EXERCISE GOAL | Copy exactly the lines of the records below, starting at the line that contains "El 6 de abril" and continuing through the last line, both included; omit any pictures.

INPUT FOR THIS TASK |

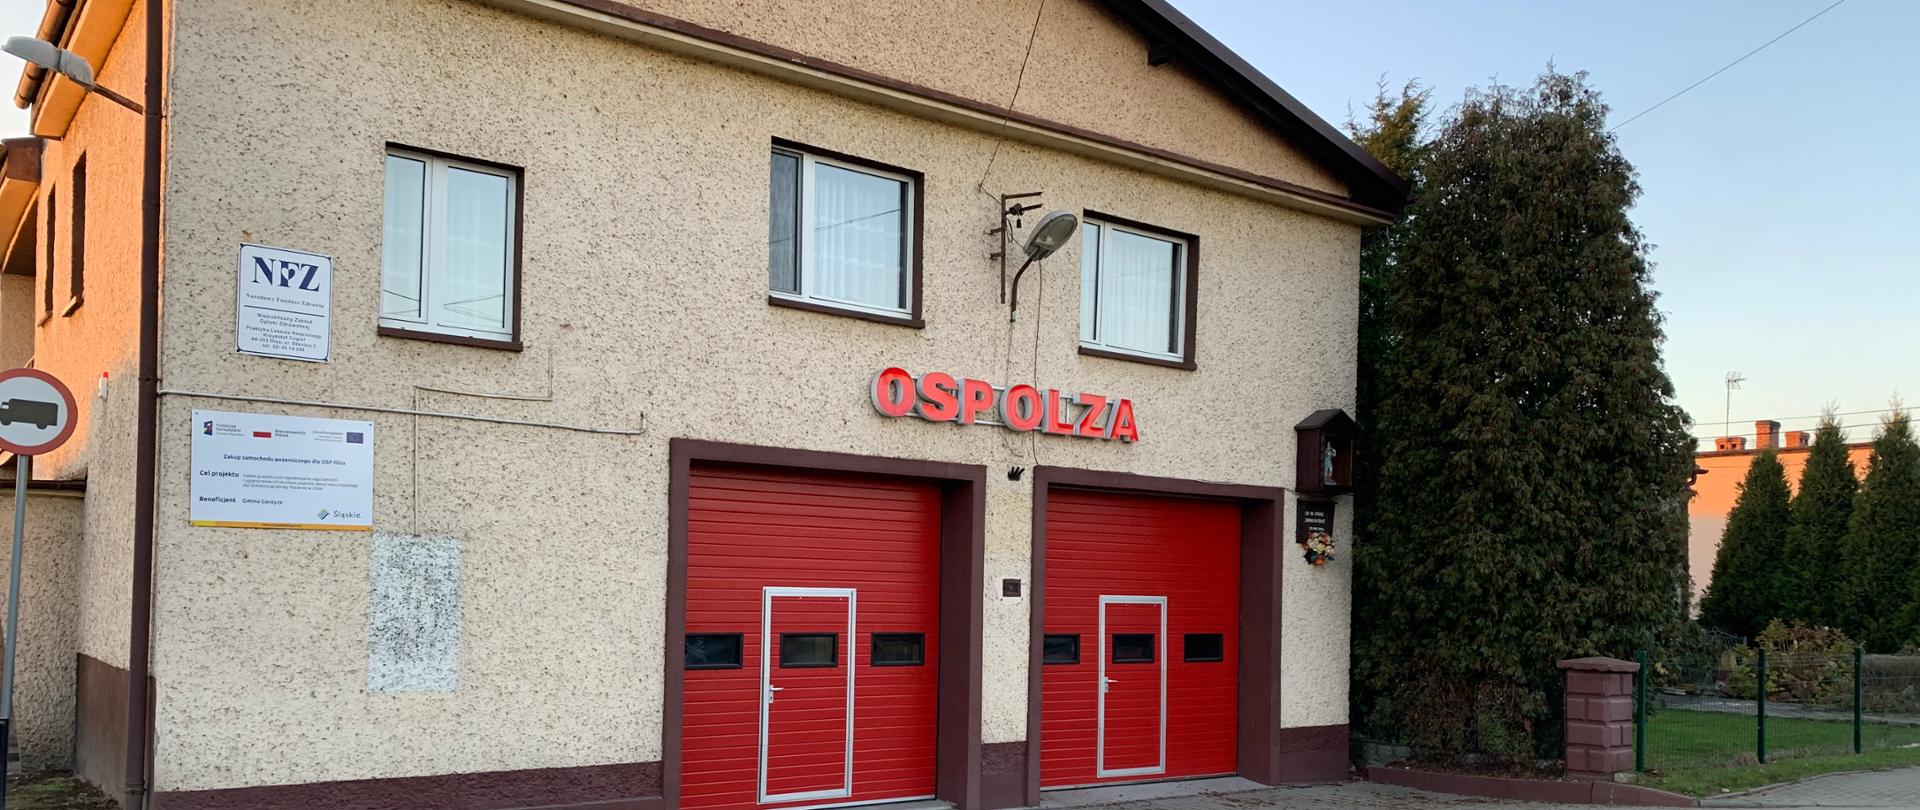 Zdjęcie prezentuje budynek jednostki OSP Olza
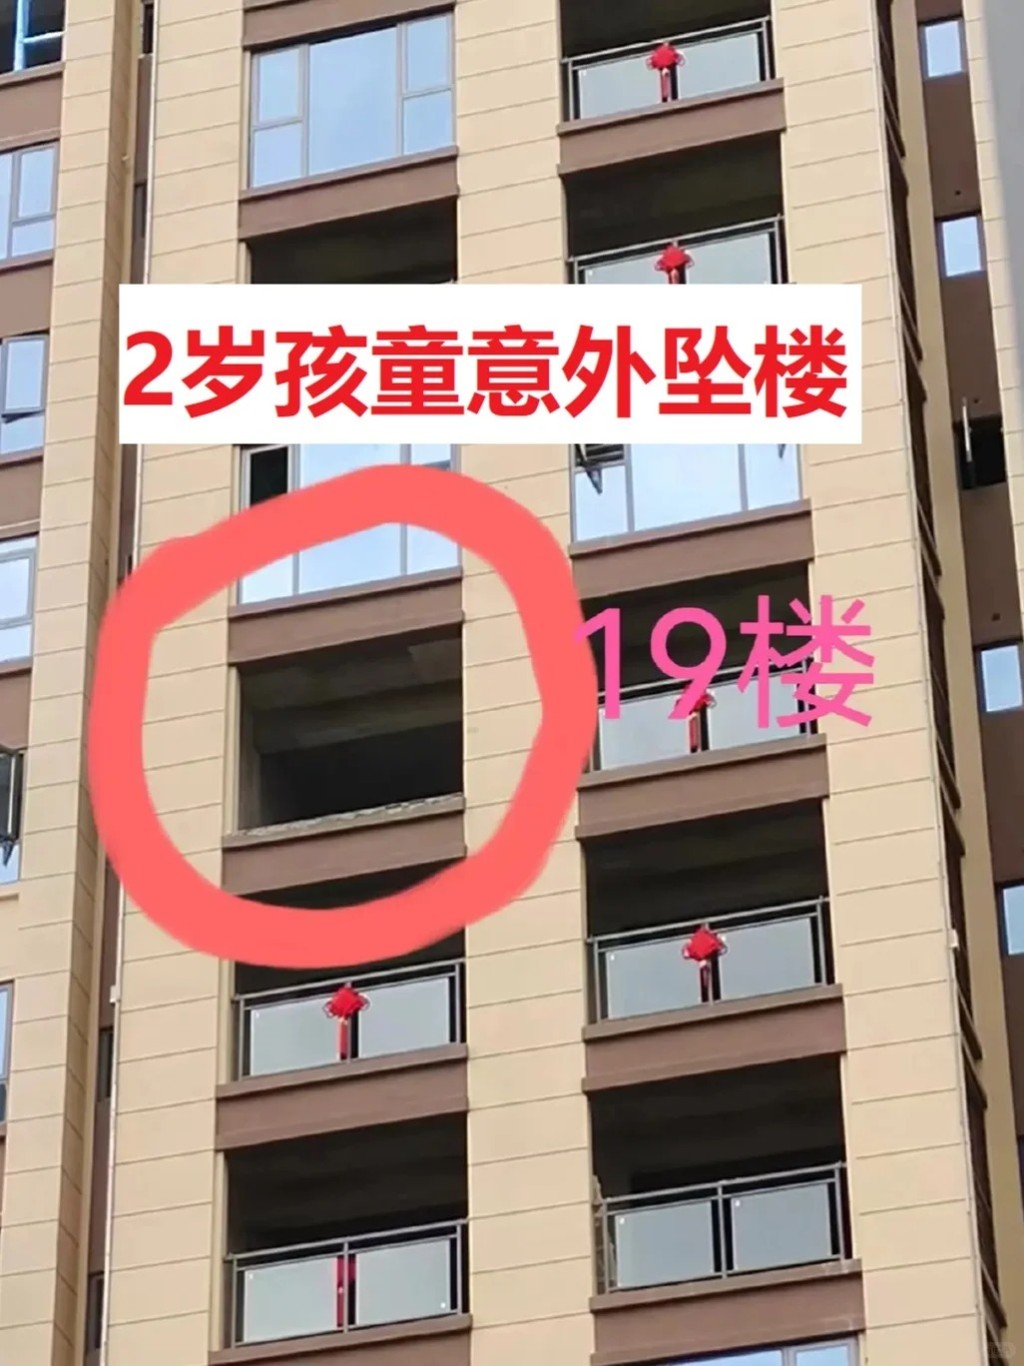 四川有2歲小童在新樓的露台墜下身亡。
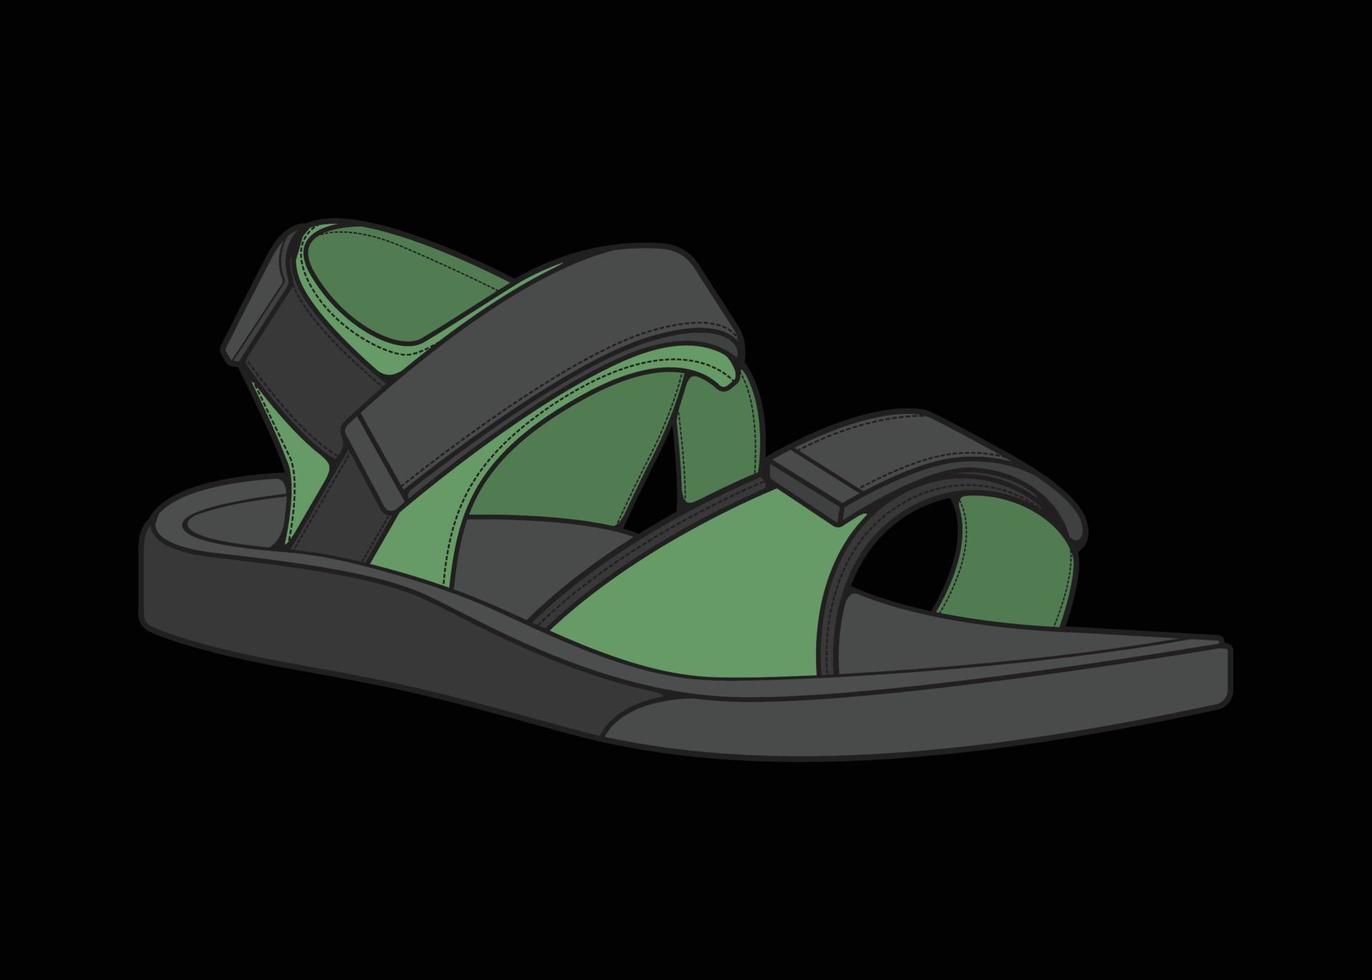 riem sandalen veelkleurige tekening vector, riem sandalen in een veelkleurige stijl, vector illustratie. met zwarte achtergrond
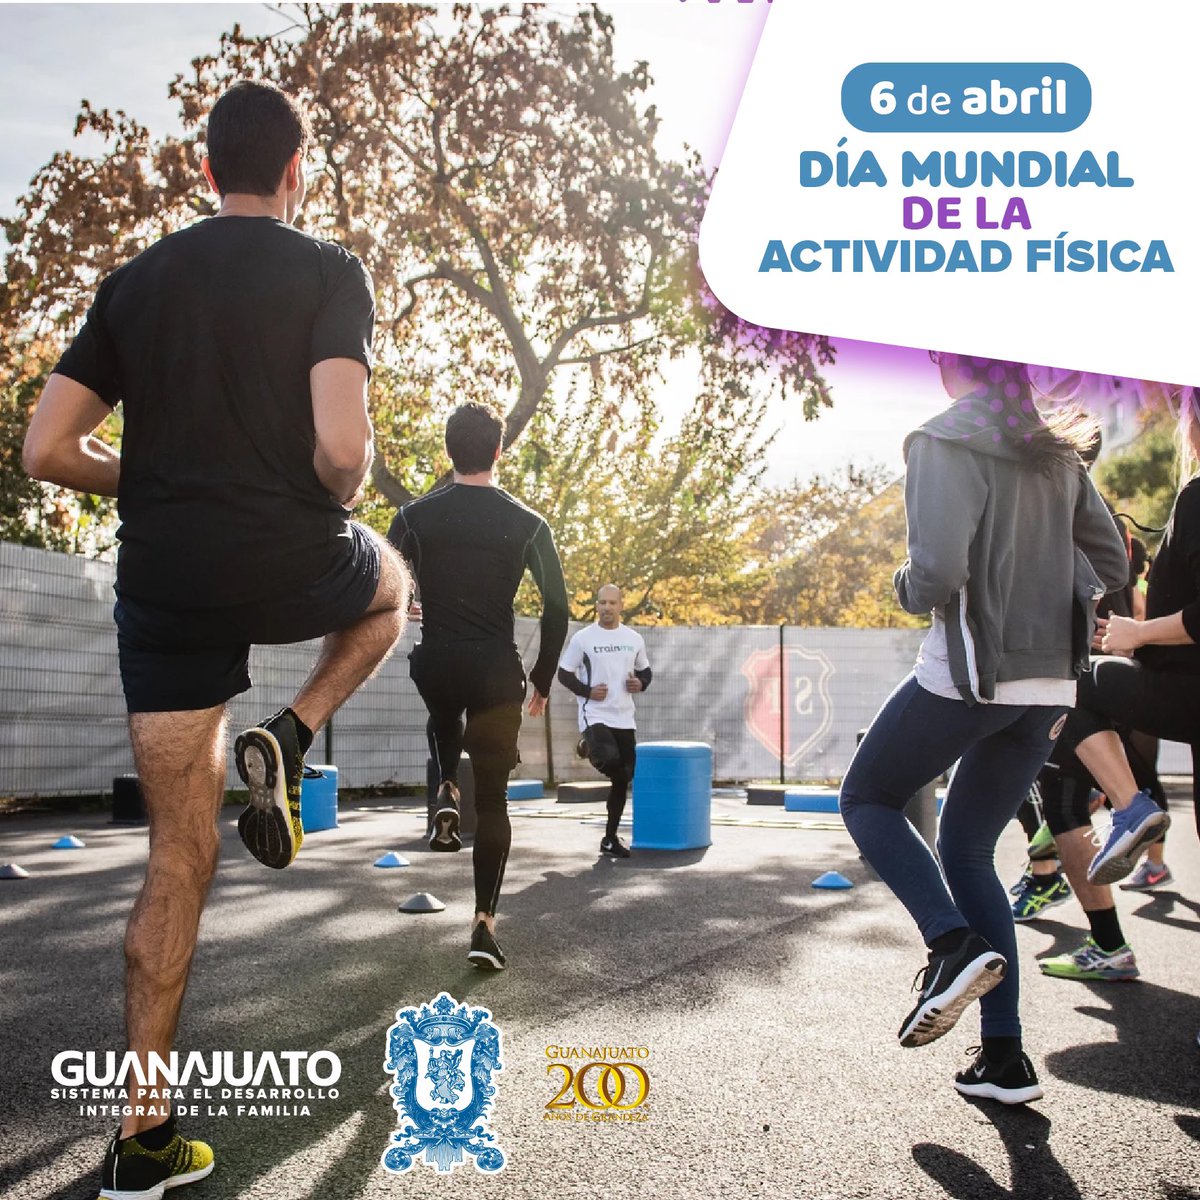 El 6 de abril se conmemora el #DíaMundialDeLaActividadFísica 🏃🏾‍♀️, con el objetivo  de sensibilizar a la población sobre la importancia de practicar actividad física de manera regular y sistemática para mejorar la salud y adquirir buenos hábitos de vida.
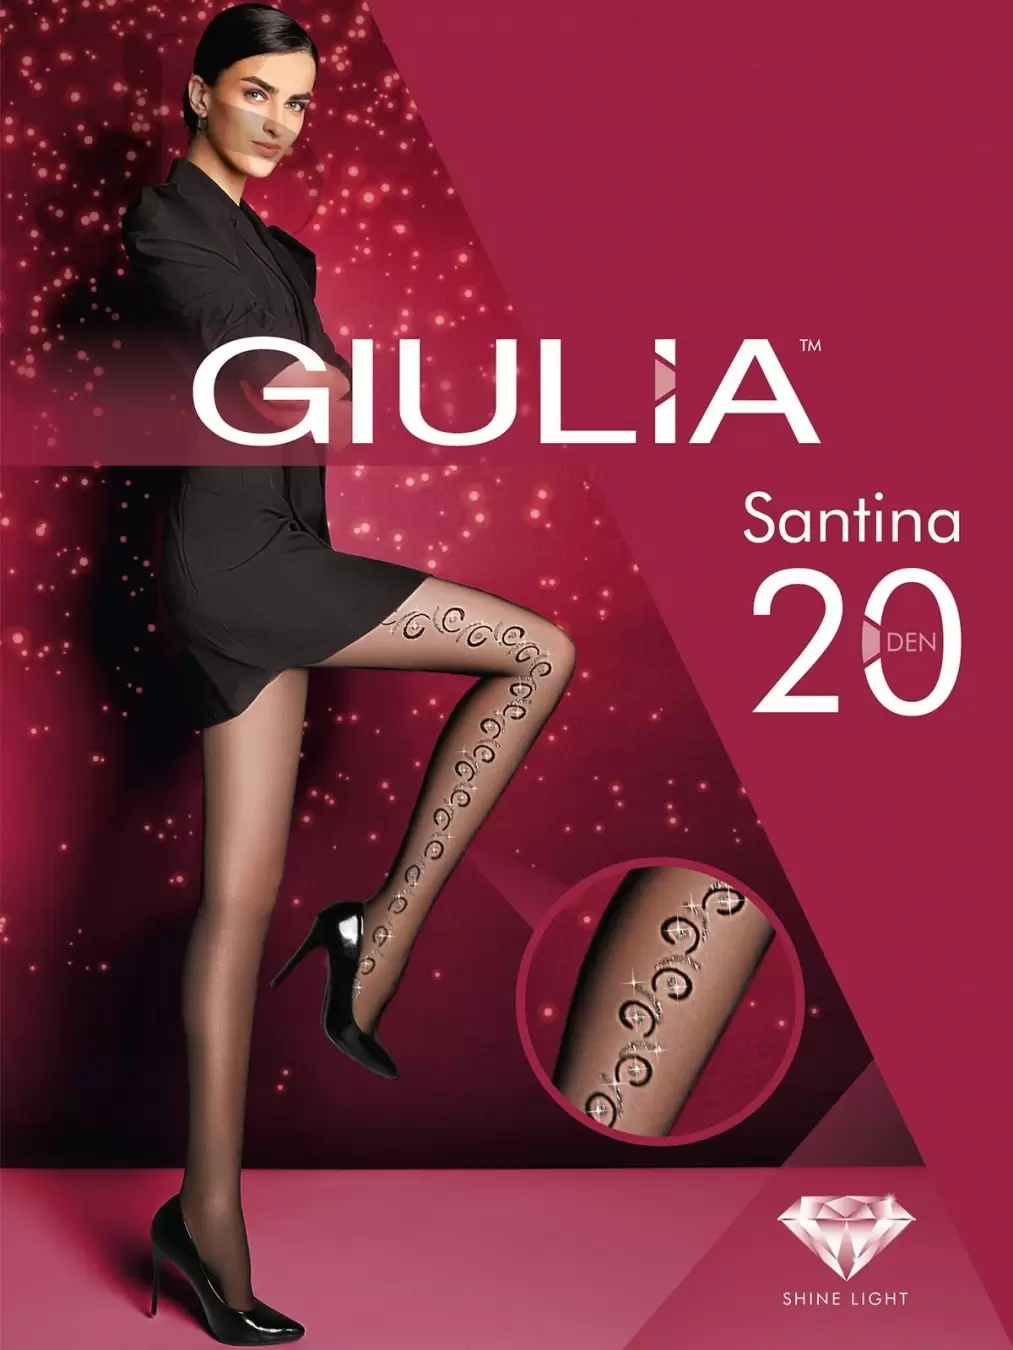 Giulia SANTINA 10, фантазийные колготки купить недорого в интернет

OUTPUT |
 El 6 de abril se conmemora el #DíaMundialDeLaActividadFísica 🏃🏾‍♀️, con el objetivo  de sensibilizar a la población sobre la importancia de practicar actividad física de manera regular y sistemática para mejorar la salud y adquirir buenos hábitos de vida.
 Giulia SANTINA 10, фантазийные колготки купить недорого в интернет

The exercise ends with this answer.